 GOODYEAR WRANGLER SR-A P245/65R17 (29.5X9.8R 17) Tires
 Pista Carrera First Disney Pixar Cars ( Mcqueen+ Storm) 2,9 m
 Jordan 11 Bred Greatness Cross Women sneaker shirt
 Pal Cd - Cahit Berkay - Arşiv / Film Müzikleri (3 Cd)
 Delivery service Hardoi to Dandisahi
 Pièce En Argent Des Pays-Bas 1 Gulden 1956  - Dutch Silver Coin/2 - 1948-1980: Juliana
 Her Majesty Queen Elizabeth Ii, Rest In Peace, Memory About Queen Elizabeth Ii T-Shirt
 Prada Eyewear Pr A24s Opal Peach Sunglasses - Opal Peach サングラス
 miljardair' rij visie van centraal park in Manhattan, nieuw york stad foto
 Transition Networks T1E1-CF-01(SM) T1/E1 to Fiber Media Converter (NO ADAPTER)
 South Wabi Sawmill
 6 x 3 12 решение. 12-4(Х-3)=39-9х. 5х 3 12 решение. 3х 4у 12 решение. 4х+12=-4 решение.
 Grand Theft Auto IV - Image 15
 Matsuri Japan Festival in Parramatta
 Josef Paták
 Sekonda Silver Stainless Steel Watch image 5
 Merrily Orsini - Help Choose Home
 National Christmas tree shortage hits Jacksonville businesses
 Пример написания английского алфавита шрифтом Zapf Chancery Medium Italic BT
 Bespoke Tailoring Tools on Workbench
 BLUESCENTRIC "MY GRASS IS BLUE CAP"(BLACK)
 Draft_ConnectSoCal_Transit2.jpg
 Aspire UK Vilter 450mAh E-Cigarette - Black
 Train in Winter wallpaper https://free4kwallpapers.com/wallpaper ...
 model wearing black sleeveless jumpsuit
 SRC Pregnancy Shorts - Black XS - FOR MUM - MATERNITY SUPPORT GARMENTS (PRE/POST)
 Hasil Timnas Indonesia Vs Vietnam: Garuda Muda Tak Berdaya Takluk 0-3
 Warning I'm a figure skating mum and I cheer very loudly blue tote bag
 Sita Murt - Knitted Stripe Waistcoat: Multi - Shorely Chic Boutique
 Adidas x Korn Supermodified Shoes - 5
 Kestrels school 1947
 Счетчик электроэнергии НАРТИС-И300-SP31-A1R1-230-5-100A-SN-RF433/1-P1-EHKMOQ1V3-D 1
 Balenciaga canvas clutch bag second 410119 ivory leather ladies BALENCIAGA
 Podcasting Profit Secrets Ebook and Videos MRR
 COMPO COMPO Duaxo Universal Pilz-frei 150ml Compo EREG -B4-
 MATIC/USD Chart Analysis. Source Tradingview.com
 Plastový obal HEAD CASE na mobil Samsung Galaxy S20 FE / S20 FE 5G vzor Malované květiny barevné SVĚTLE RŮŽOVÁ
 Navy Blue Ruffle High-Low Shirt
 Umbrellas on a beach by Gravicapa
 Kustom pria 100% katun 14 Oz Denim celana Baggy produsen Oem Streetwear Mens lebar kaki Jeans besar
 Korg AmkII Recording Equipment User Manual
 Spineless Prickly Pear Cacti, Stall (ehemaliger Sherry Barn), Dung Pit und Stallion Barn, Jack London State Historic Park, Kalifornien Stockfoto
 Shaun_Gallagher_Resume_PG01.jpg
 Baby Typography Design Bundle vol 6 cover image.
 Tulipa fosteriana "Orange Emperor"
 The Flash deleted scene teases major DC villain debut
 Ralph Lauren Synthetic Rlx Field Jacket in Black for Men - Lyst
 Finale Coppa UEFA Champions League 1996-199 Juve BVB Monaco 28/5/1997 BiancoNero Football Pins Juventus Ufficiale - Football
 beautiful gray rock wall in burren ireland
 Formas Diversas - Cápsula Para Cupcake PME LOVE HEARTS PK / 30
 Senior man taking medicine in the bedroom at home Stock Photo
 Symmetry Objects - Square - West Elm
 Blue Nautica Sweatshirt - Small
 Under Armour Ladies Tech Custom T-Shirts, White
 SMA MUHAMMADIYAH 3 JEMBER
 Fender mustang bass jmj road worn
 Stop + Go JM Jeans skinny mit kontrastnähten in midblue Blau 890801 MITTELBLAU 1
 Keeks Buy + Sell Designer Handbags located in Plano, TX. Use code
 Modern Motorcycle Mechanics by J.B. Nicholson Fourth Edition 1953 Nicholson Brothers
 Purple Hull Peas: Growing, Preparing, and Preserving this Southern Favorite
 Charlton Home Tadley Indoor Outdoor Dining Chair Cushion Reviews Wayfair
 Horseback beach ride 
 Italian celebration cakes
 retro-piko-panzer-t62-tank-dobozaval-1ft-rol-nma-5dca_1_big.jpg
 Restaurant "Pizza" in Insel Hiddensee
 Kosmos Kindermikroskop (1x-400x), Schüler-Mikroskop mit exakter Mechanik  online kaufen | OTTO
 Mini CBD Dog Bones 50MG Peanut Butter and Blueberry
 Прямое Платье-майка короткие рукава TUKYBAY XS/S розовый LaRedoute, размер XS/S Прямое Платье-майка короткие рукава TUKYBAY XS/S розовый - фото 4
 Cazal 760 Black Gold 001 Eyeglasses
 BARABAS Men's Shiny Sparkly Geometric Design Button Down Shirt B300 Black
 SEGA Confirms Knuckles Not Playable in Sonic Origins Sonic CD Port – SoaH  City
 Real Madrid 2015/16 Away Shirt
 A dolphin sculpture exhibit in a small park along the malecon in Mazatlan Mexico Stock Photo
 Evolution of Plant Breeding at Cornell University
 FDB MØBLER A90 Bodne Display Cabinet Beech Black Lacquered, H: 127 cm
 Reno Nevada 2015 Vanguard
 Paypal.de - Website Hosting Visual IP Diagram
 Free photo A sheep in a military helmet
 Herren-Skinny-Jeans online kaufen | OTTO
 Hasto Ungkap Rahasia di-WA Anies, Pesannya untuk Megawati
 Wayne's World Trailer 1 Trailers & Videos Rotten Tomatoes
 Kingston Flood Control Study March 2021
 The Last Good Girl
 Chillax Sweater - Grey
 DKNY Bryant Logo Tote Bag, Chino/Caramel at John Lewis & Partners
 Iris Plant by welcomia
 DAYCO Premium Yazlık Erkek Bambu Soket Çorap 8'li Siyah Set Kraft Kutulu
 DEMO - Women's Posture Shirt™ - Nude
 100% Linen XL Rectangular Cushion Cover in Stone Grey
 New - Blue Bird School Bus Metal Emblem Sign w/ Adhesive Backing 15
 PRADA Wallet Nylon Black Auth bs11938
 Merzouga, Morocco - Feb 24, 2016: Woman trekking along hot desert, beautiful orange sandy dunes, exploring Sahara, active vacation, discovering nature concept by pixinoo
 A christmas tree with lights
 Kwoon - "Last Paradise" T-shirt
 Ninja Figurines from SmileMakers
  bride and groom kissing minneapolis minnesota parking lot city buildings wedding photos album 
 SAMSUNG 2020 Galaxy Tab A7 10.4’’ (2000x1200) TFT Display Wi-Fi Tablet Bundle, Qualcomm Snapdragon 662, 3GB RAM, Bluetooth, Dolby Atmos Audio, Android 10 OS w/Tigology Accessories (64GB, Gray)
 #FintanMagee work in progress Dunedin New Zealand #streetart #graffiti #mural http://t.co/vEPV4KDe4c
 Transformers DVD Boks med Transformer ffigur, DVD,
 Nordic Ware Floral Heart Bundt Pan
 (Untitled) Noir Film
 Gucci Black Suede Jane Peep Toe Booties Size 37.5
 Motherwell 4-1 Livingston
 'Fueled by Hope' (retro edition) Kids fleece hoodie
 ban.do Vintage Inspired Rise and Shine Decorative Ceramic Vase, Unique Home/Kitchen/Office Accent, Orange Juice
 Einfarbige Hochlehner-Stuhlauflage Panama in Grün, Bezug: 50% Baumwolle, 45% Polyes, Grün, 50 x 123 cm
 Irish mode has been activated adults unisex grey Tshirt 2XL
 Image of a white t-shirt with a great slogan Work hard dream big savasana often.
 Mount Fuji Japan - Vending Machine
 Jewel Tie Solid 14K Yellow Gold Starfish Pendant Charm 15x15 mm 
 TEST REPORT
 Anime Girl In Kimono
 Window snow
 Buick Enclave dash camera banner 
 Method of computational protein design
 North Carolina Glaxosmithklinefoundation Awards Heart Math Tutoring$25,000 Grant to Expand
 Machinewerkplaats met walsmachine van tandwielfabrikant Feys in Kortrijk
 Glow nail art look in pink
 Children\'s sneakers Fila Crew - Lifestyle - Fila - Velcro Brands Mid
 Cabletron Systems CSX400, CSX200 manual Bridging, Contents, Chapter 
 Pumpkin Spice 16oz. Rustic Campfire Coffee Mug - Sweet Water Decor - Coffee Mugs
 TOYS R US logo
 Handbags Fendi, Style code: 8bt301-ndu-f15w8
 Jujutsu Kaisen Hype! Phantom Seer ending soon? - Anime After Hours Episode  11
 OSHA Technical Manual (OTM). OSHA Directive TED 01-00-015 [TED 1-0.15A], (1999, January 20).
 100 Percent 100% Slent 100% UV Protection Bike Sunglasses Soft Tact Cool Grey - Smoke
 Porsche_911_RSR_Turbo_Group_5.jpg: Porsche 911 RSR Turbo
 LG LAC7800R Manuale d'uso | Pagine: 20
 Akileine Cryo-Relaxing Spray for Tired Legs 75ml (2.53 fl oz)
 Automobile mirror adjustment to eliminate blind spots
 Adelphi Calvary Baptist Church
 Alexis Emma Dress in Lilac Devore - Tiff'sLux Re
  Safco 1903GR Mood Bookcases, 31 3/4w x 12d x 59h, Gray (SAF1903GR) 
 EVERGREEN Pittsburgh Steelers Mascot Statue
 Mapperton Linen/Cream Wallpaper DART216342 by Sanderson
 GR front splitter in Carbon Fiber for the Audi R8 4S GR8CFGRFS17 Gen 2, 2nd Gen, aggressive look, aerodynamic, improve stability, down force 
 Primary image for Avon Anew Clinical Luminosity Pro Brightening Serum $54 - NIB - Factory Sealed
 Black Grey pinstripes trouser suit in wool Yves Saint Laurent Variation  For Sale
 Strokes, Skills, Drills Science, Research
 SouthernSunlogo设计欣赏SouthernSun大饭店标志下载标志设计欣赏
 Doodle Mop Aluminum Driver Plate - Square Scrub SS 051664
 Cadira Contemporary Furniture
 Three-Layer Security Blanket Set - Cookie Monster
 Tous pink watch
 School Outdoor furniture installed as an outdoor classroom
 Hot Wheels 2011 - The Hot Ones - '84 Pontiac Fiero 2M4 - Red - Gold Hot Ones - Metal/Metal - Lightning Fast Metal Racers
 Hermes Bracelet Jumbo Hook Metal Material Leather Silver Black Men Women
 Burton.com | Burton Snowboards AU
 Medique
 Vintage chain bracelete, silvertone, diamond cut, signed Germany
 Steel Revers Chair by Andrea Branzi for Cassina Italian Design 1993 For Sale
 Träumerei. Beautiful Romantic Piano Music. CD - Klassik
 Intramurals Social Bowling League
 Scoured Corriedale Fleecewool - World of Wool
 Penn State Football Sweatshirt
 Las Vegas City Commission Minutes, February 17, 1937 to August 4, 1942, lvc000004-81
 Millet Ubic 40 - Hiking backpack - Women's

#####

[Task details]:
Using the data above, reproduce exactly the lines from the line that contains "Balenciaga canvas clutch" through the line that contains "Blue Nautica Sweatshirt - Small", including both.

[Result of the task]:
 Balenciaga canvas clutch bag second 410119 ivory leather ladies BALENCIAGA
 Podcasting Profit Secrets Ebook and Videos MRR
 COMPO COMPO Duaxo Universal Pilz-frei 150ml Compo EREG -B4-
 MATIC/USD Chart Analysis. Source Tradingview.com
 Plastový obal HEAD CASE na mobil Samsung Galaxy S20 FE / S20 FE 5G vzor Malované květiny barevné SVĚTLE RŮŽOVÁ
 Navy Blue Ruffle High-Low Shirt
 Umbrellas on a beach by Gravicapa
 Kustom pria 100% katun 14 Oz Denim celana Baggy produsen Oem Streetwear Mens lebar kaki Jeans besar
 Korg AmkII Recording Equipment User Manual
 Spineless Prickly Pear Cacti, Stall (ehemaliger Sherry Barn), Dung Pit und Stallion Barn, Jack London State Historic Park, Kalifornien Stockfoto
 Shaun_Gallagher_Resume_PG01.jpg
 Baby Typography Design Bundle vol 6 cover image.
 Tulipa fosteriana "Orange Emperor"
 The Flash deleted scene teases major DC villain debut
 Ralph Lauren Synthetic Rlx Field Jacket in Black for Men - Lyst
 Finale Coppa UEFA Champions League 1996-199 Juve BVB Monaco 28/5/1997 BiancoNero Football Pins Juventus Ufficiale - Football
 beautiful gray rock wall in burren ireland
 Formas Diversas - Cápsula Para Cupcake PME LOVE HEARTS PK / 30
 Senior man taking medicine in the bedroom at home Stock Photo
 Symmetry Objects - Square - West Elm
 Blue Nautica Sweatshirt - Small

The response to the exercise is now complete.